The integral is
$\int_{\sqrt{|T^2-w^2|}}^{T+w} \left(1-I_{\sin^{2}\alpha}\left(\frac{n+1}{2},0.5\right)\right)^{M-1}x^{n-1}I_{\sin^{2}\beta}\left(\frac{n-1}{2},0.5\right)dx$
where $I$ is the imcomplete beta function, $n\in\mathbb{N},M\in\mathbb{N},T\geq0,w\geq0$ are all fixed coefficients, $\alpha,\beta$ are two angles within one triangle whose subtense are $w,T$ (and $x$ is the third side of the triangle), respectively (i.e., $\frac{\sin\alpha}{w}=\frac{\sin\beta}{T}$). So,
$\sin^{2}\alpha=1-\cos^{2}\alpha=1-\left(\frac{x^2+T^2-w^2}{2xT}\right)^2$
$\sin^{2}\beta=1-\cos^{2}\beta=1-\left(\frac{x^2+w^2-T^2}{2xw}\right)^2$
I've been trying this integral for months and attempt to solve it via comparing the expression of $\frac{\partial I_{\sin^{2}\alpha}\left(\frac{n+1}{2},0.5\right)}{\partial x}$ and $I_{\sin^{2}\beta}\left(\frac{n-1}{2},0.5\right)$ as
$\frac{\partial I_{\sin^{2}\alpha}\left(\frac{n+1}{2},0.5\right)}{\partial x}=B^{-1}\left(\frac{n+1}{2},0.5\right)\sin^{n-1}\alpha \frac{\cos\beta}{x}\frac{w^2}{T^2}$
$I_{\sin^{2}\beta}\left(\frac{n-1}{2},0.5\right)=\frac{2}{n-1}B^{-1}\left(\frac{n-1}{2},0.5\right)\sin^{n-1}\beta G\left(\sin\beta\right)=\frac{2}{n-1}B^{-1}\left(\frac{n-1}{2},0.5\right)\sin^{n-1}\alpha \frac{T^{n-1}}{w^{n-1}} G\left(\sin\beta\right)$
where $B$ is the beta function, $G(\sin\beta)=1+\sum_{k=1}^{\infty}\frac{\frac{n-1}{2}}{\frac{n-1}{2}+k}\frac{(0.5)_k}{k!}\sin^{2k}\beta$.

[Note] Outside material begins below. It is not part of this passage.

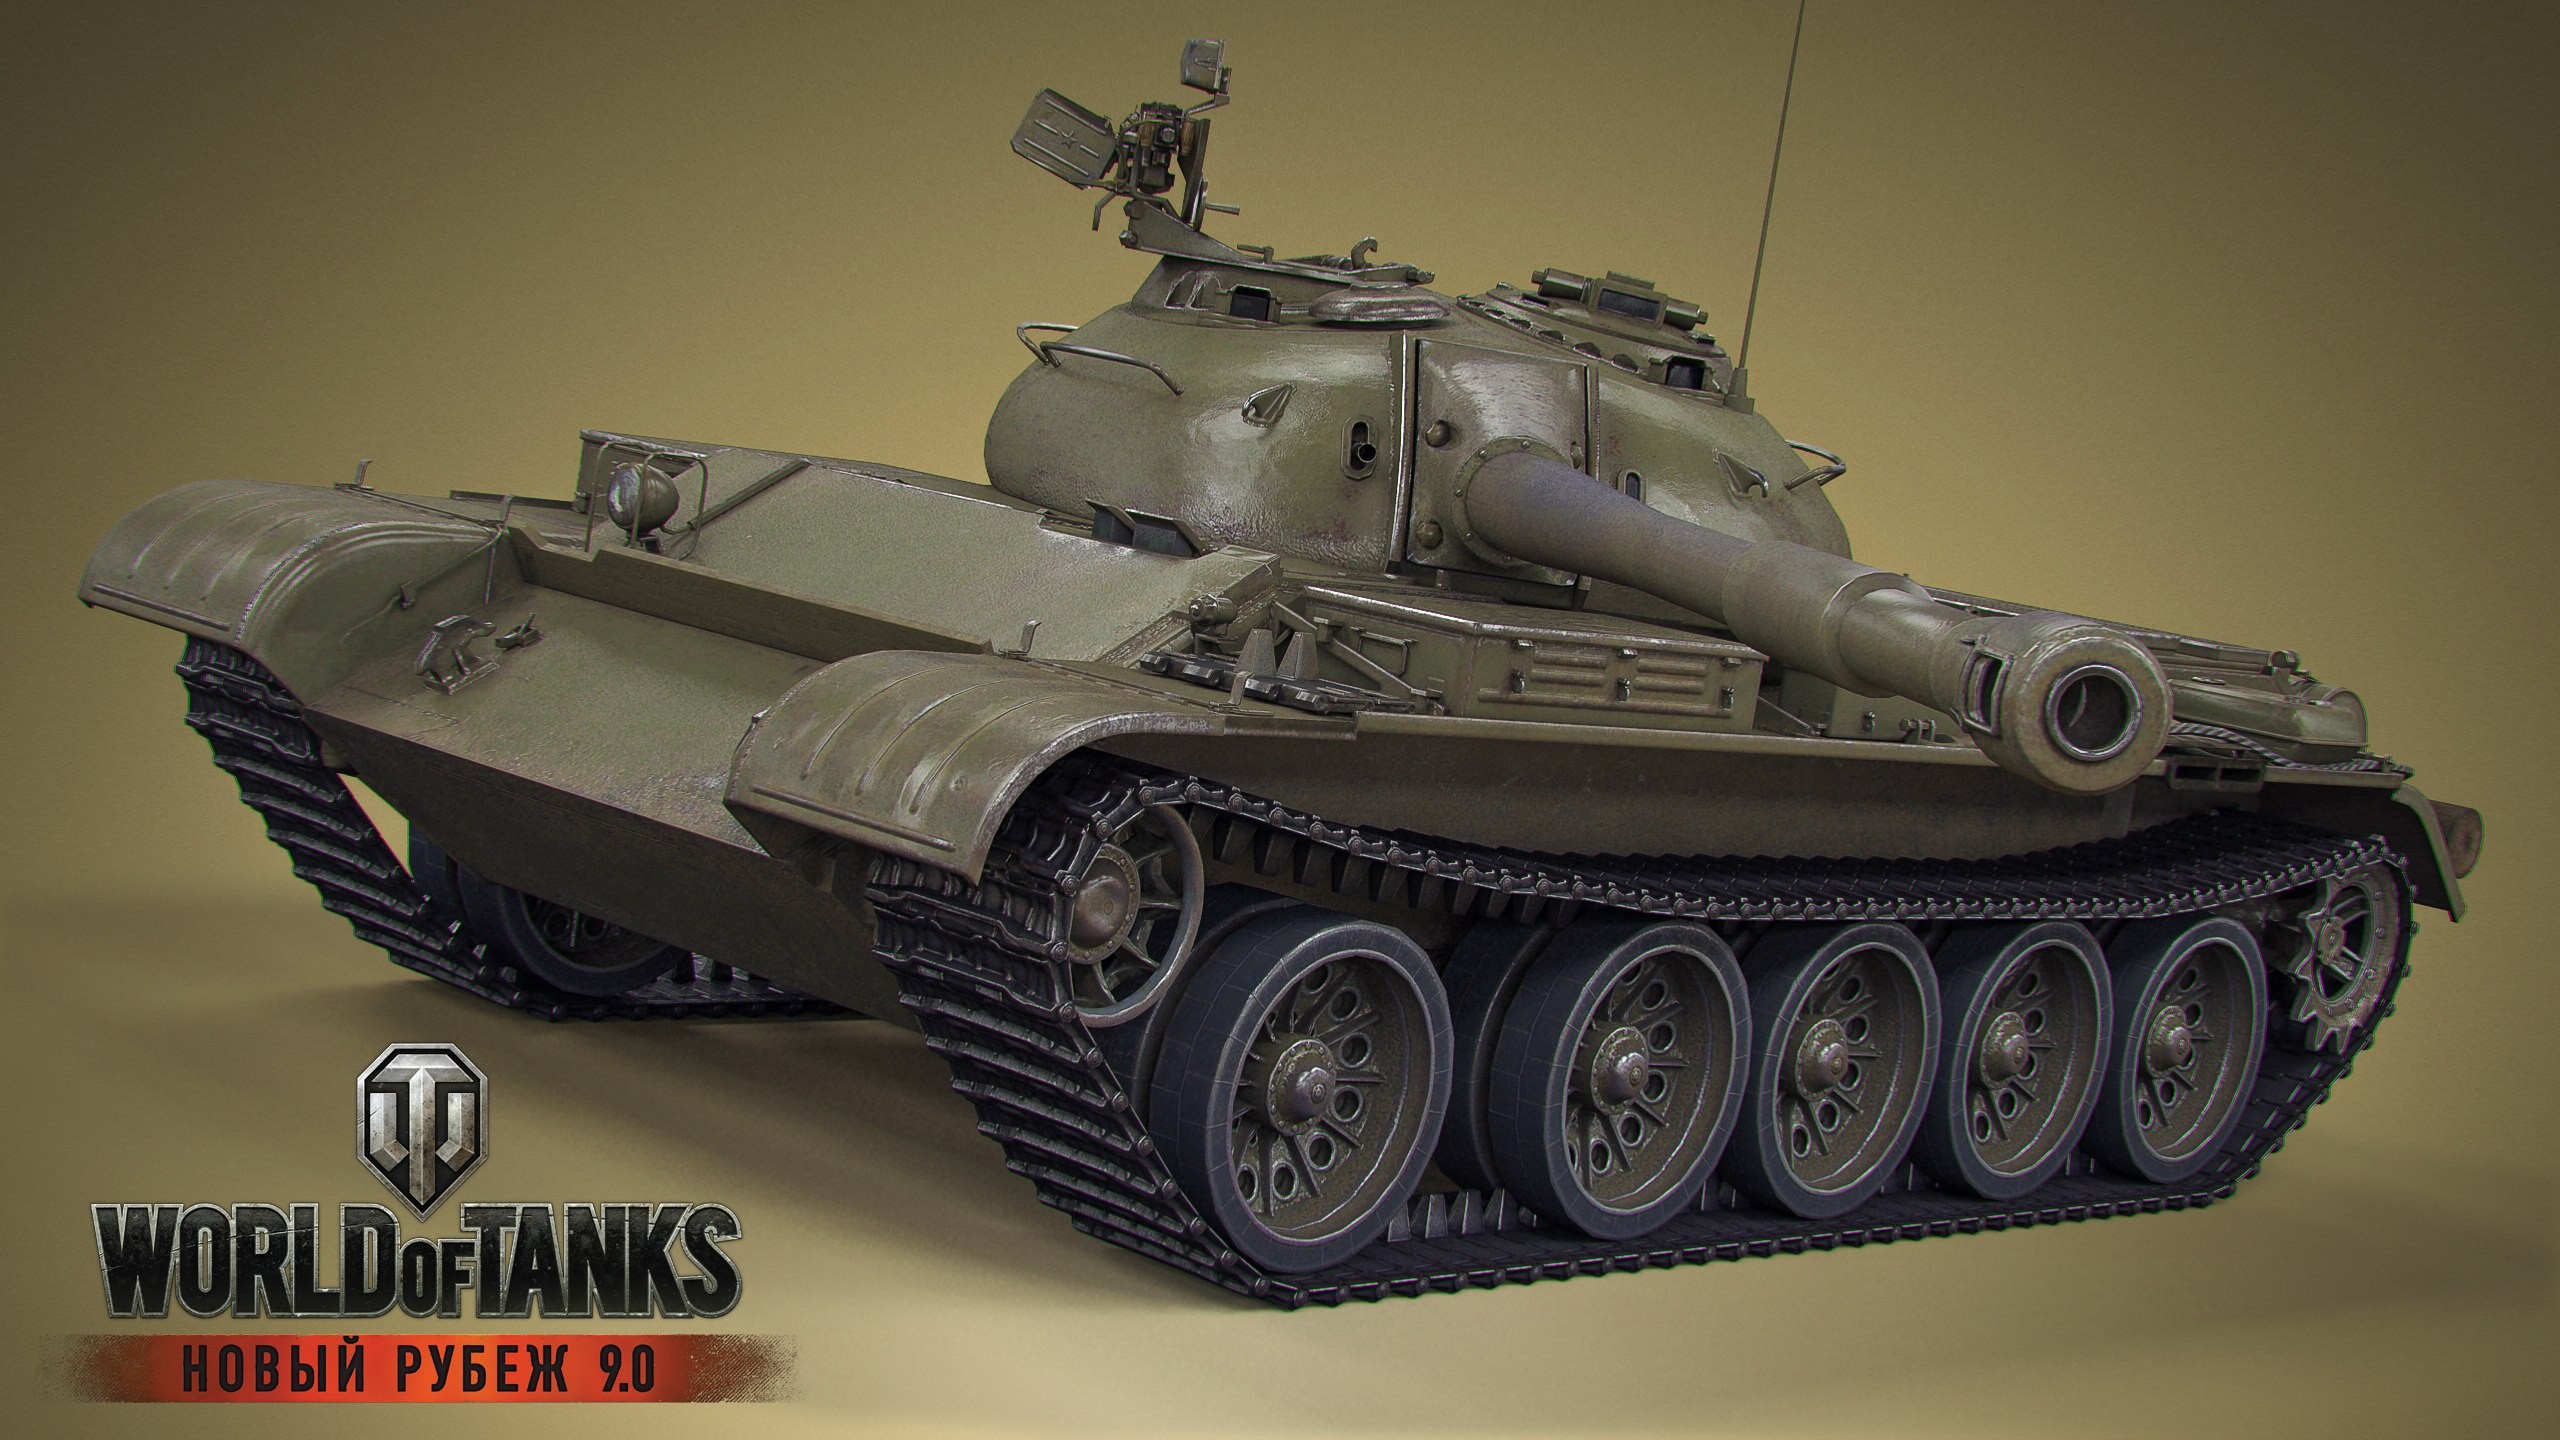 General 2560x1440 World of Tanks tank wargaming video games CGI T-54

The expression between them are close if some approximation to $G(\sin\beta)$can be made, but still there remains $x^{n-1}$ which makes the integral still not solvable.
Is there anyone who have some idea about this integral? It would also be ok to obtain a close closed-form lower bound (still hard to me).